> **WORK INSTRUCTION**
Transcribe the data that follows in full. Leave out the pictures.

── DATA BELOW

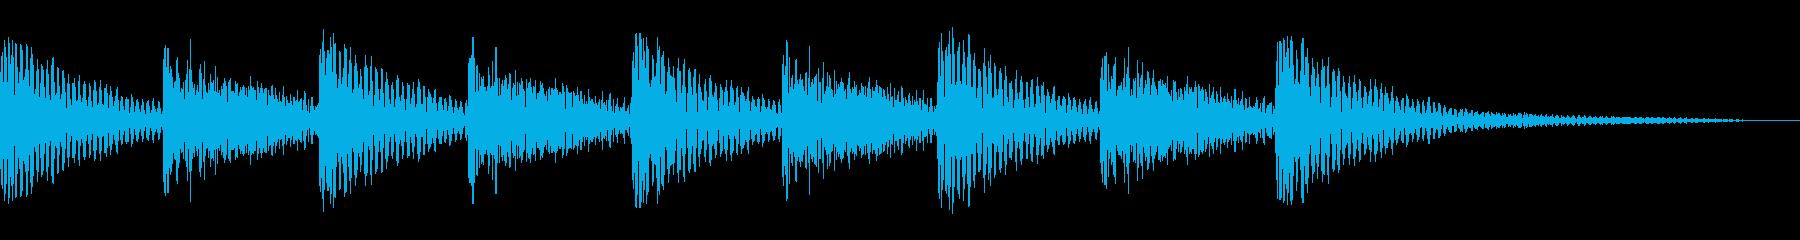 ティンパニ1エンディングの再生済みの波形
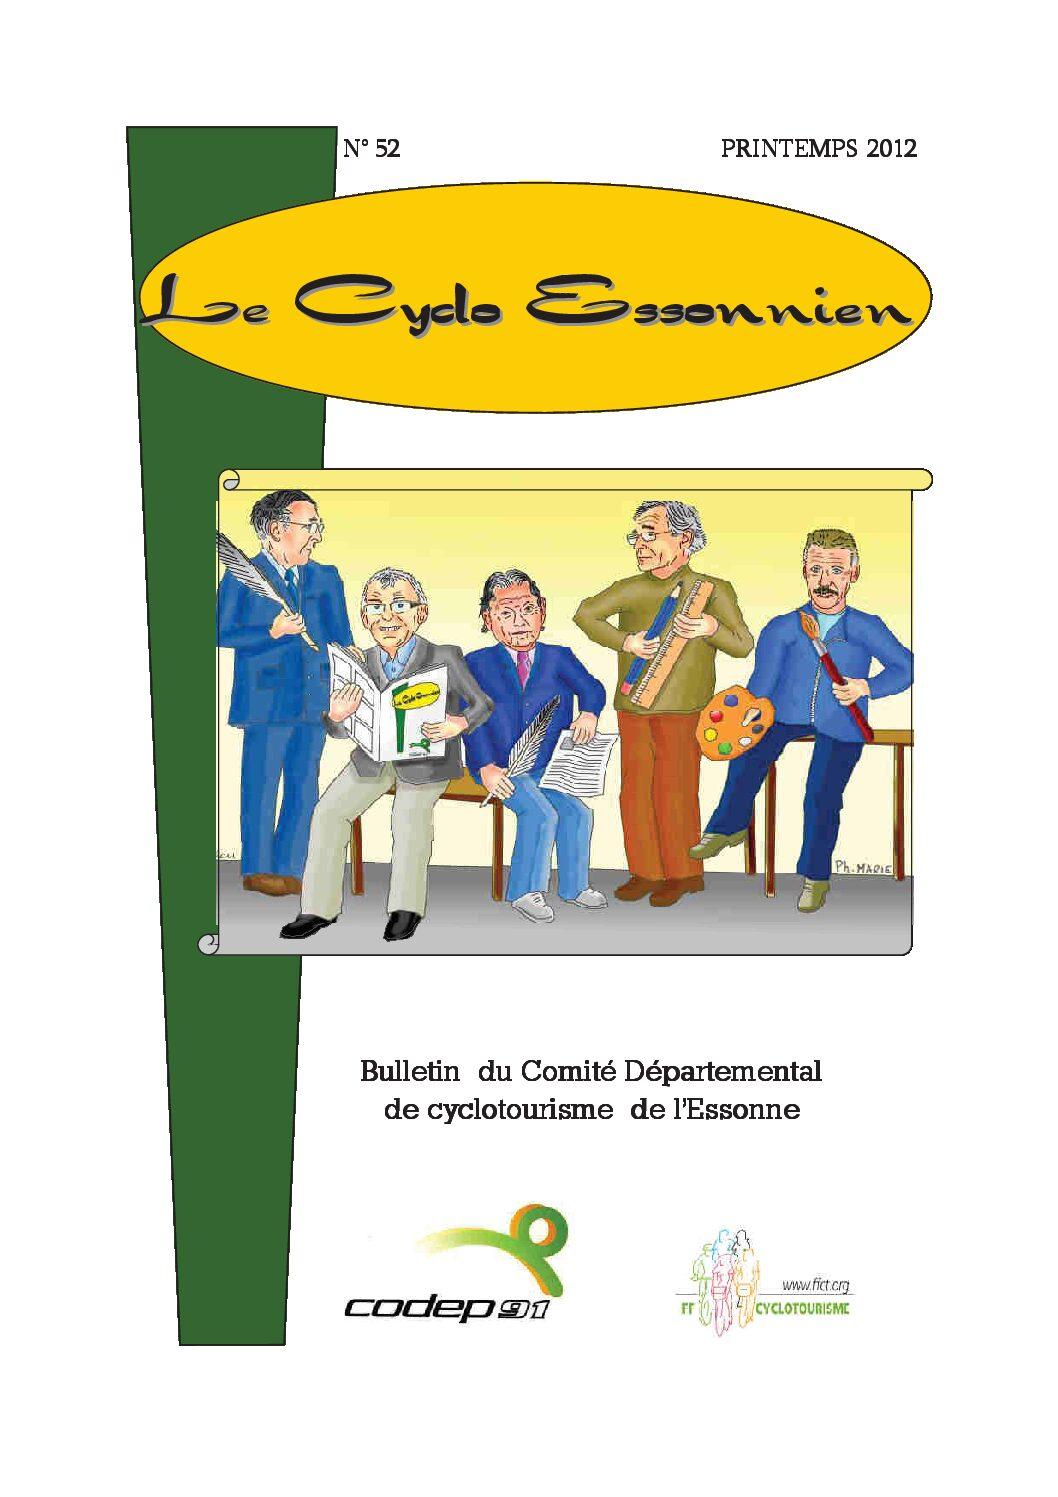 Le Cyclo Essonnien n°52
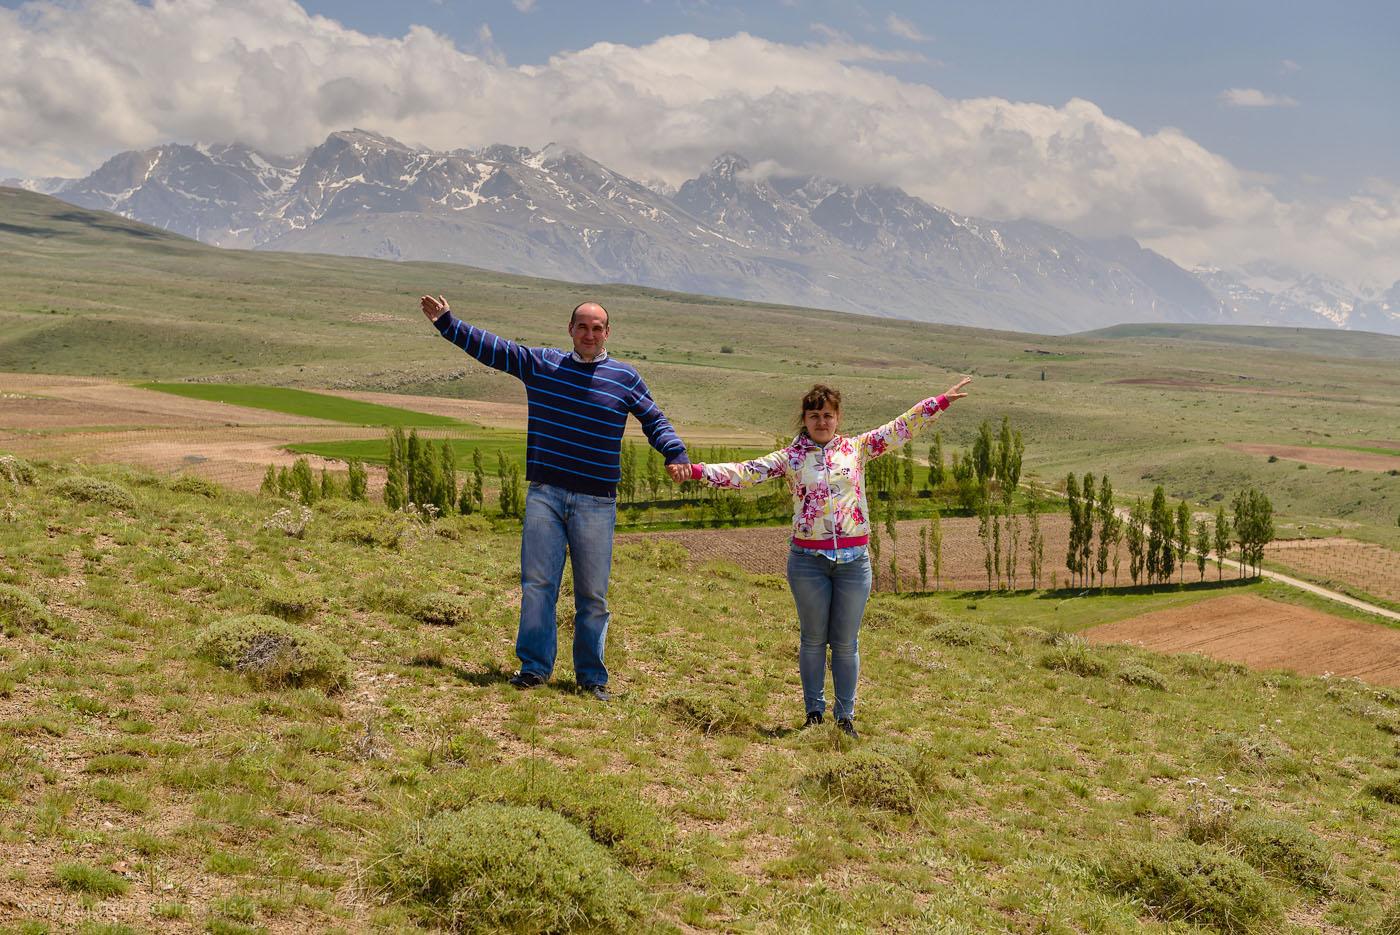 Фото 20. Чтобы снять это фото, нам пришлось свернуть в кишлак в горах, оставить машину внизу и забраться на высокий холм. 1/125, 8.0, 100, 58.
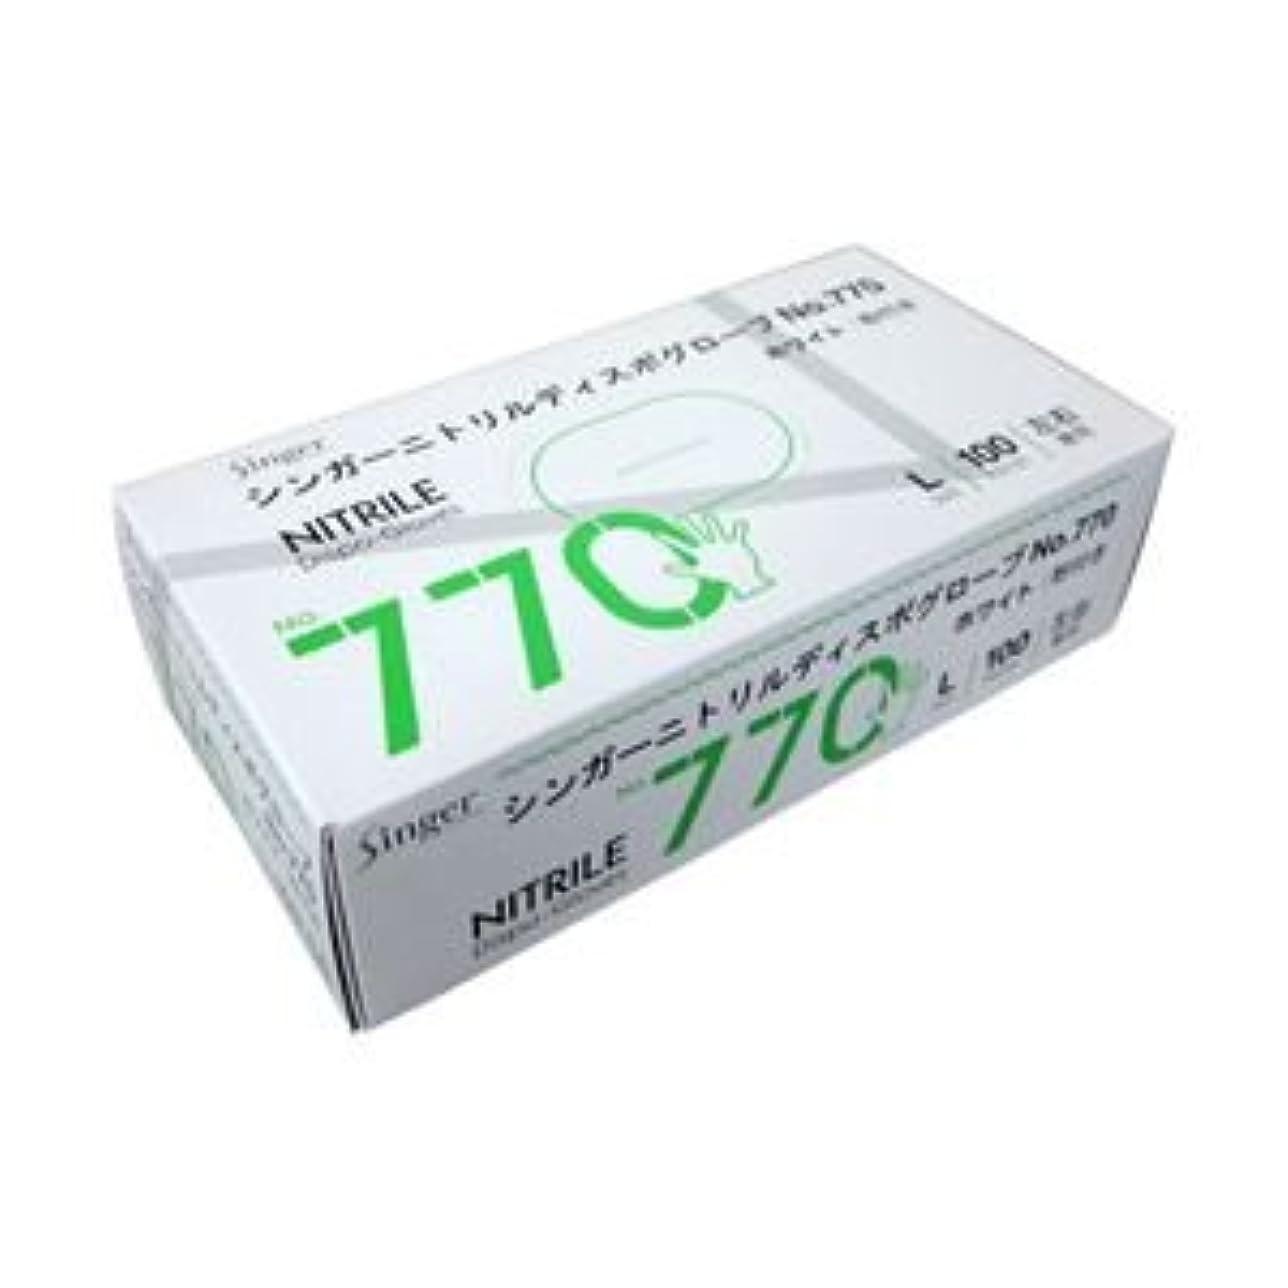 粘土唇処理宇都宮製作 ニトリル手袋 粉付き ホワイト L 1箱(100枚) ×5セット

────

> **WRITTEN RESPONSE**
 ティンパニ1エンディングの再生済みの波形
 Le Cyclo Essonnien n°52
 Фото 20. Чтобы снять это фото, нам пришлось свернуть в кишлак в горах, оставить машину внизу и забраться на высокий холм. 1/125, 8.0, 100, 58.
 粘土唇処理宇都宮製作 ニトリル手袋 粉付き ホワイト L 1箱(100枚) ×5セット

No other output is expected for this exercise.